- Active: 1801–1802
- Country: United Kingdom of Great Britain and Ireland Malta Protectorate;
- Branch: British Army
- Type: Militia
- Role: Coastal artillery
- Size: Two companies
- Garrison/HQ: St. Paul's Bay and Marsa Scirocco

Commanders
- Captain: John Vivion

= Maltese Militia Coast Artillery =

The Maltese Militia Coast Artillery was a coastal artillery militia unit in the British Army which existed from 1801 to 1802 in Malta, then a British protectorate.

After the French blockade ended and the British took over Malta in September 1800, many of the British regiments stationed on the island left to fight in the Egyptian Campaign. This led to a shortage of troops on the islands, and since the High Command was unable to send reinforcements. The Commander-in-Chief of British forces in Malta, General Henry Pigot, was allowed to raise a local militia force to supplement the Maltese Light Infantry.

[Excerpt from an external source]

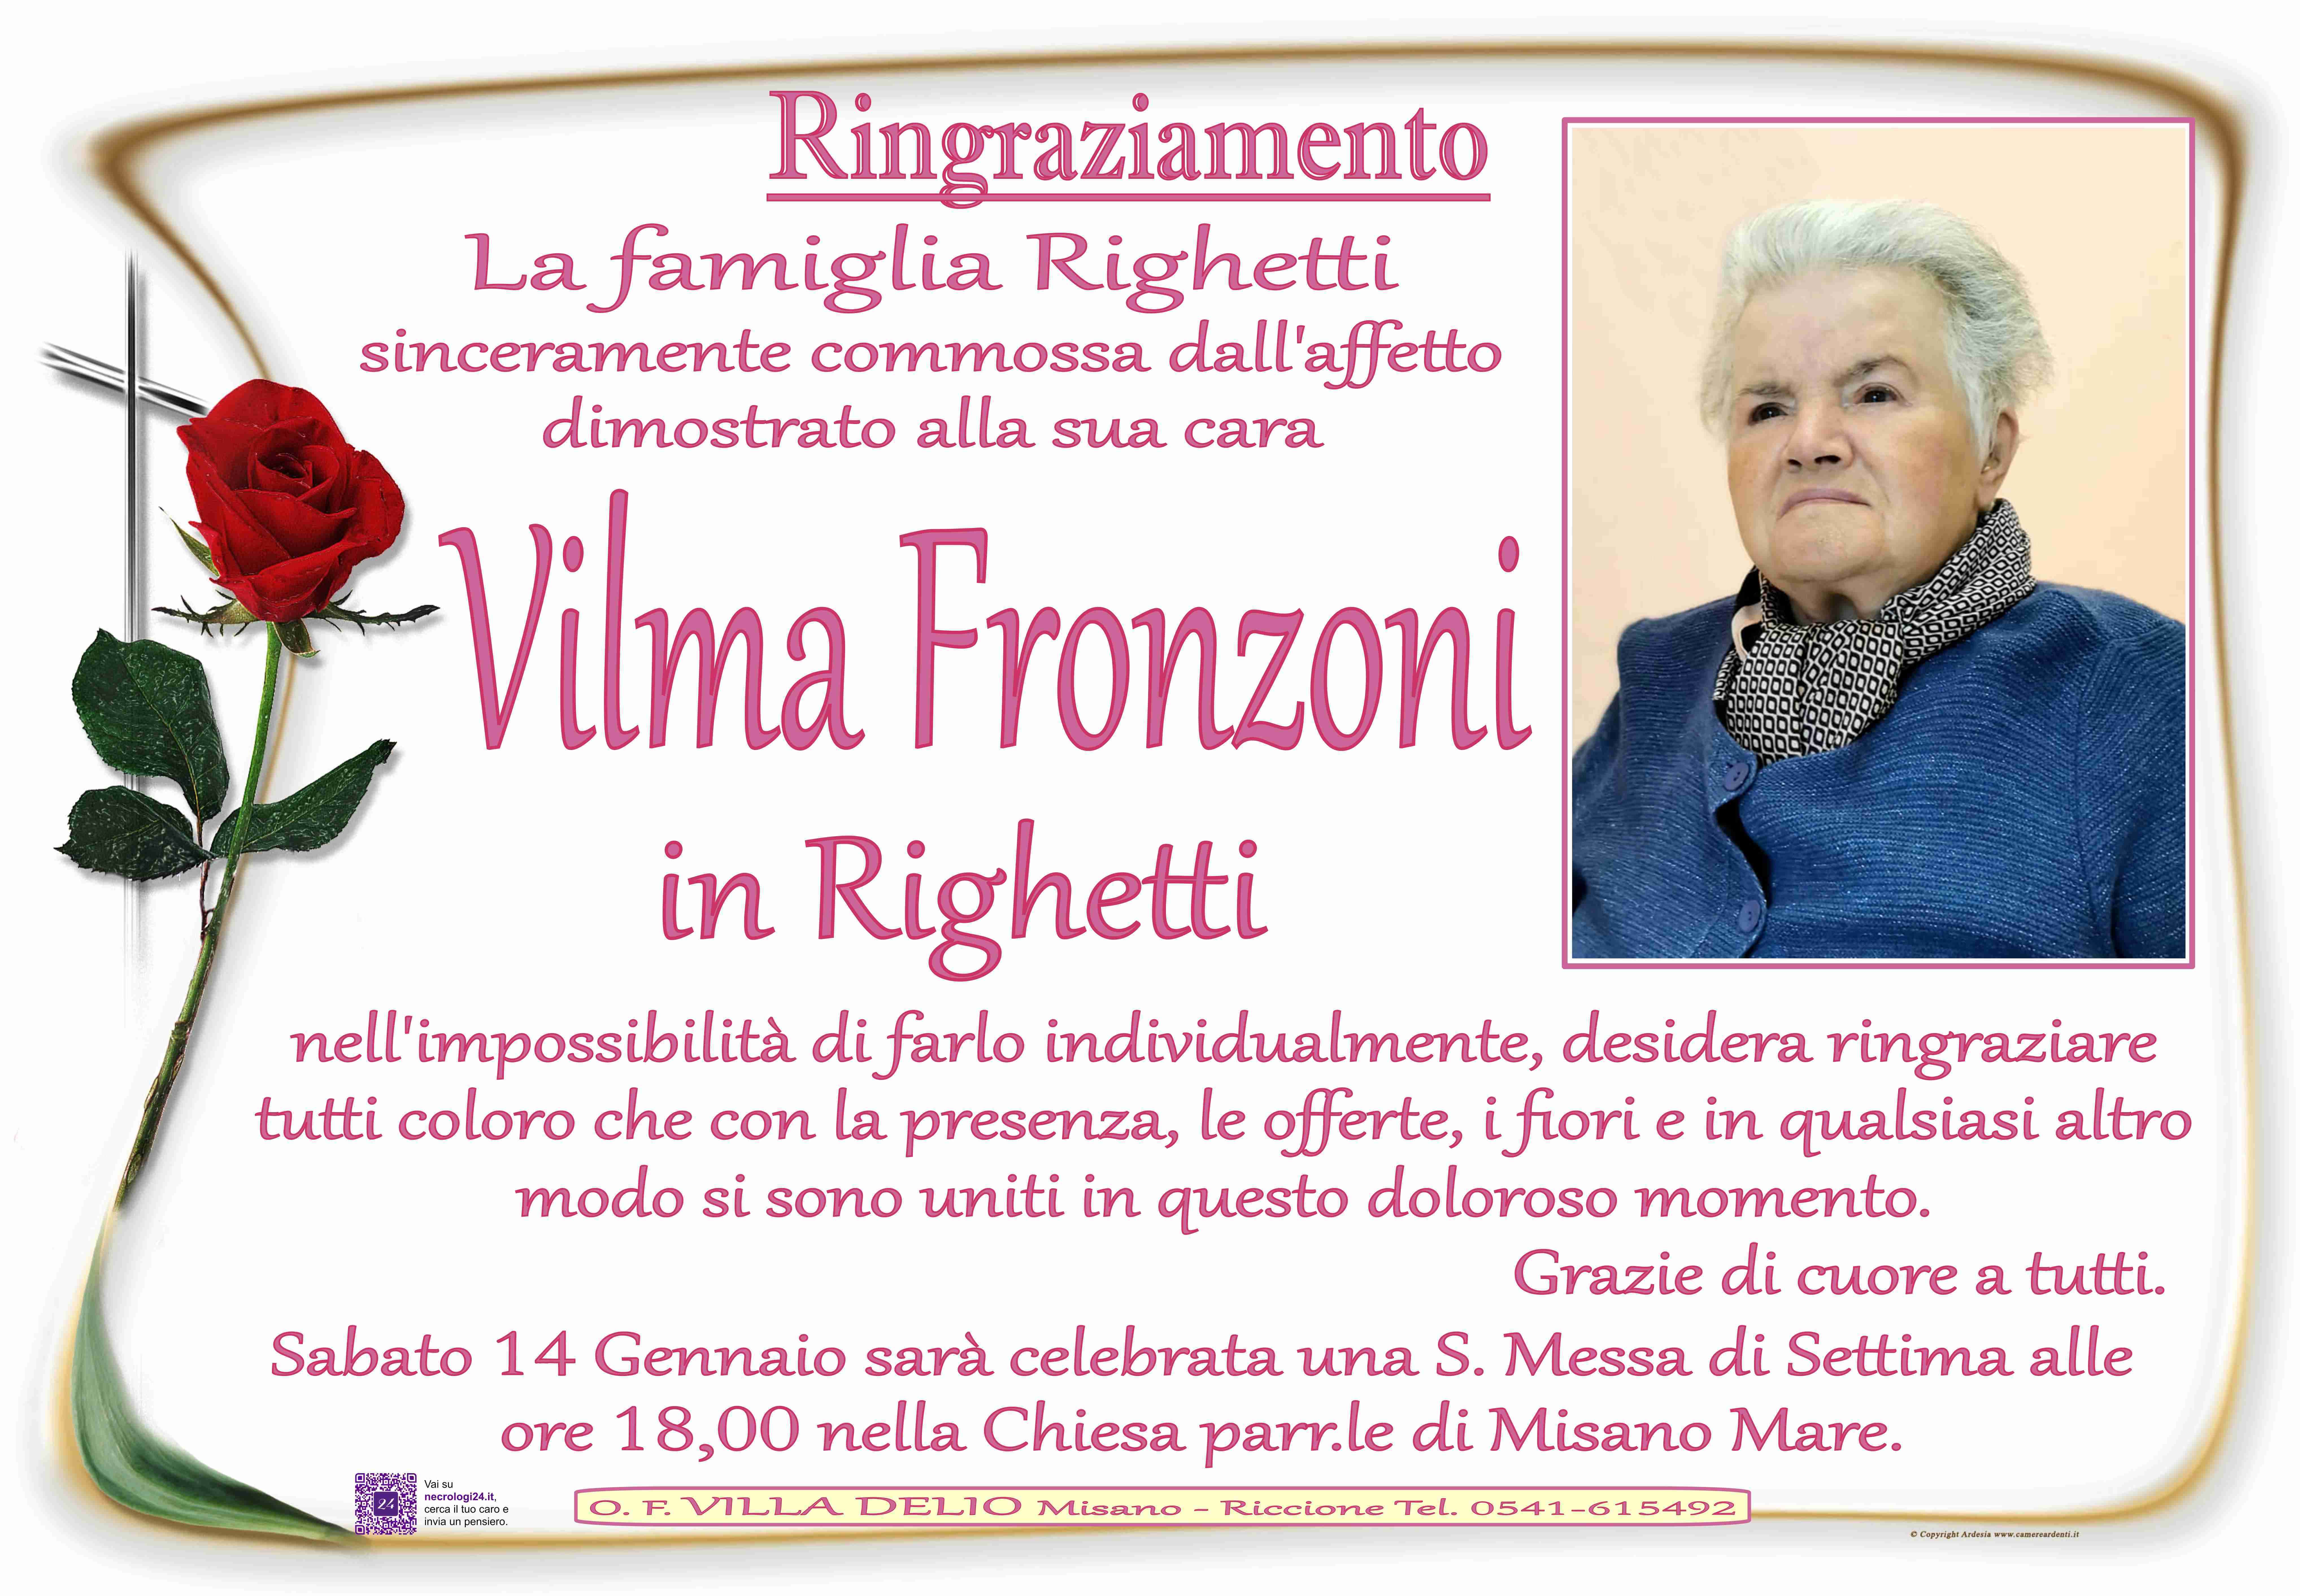 Vilma Fronzoni

On 1 January 1801, Pigot issued a proclamation calling on men from the former National Congress Battalions to join the Maltese Militia. At the same time, the Maltese Militia Coast Artillery was set up as the coastal artillery portion of the militia, augmenting the Royal Artillery. It consisted of two companies manning the batteries located at St. Paul's Bay and Marsa Scirocco, along with detachments manning the coastal towers. The unit was raised and commanded by Captain John Vivion.

The men wore uniforms consisting of a cotton jacket and trousers, and a leather shako with a blue sash.

In 1802, the Maltese Militia Coast Artillery was disbanded in accordance with the Treaty of Amiens, and its roles were taken over by the Malta Coast Artillery.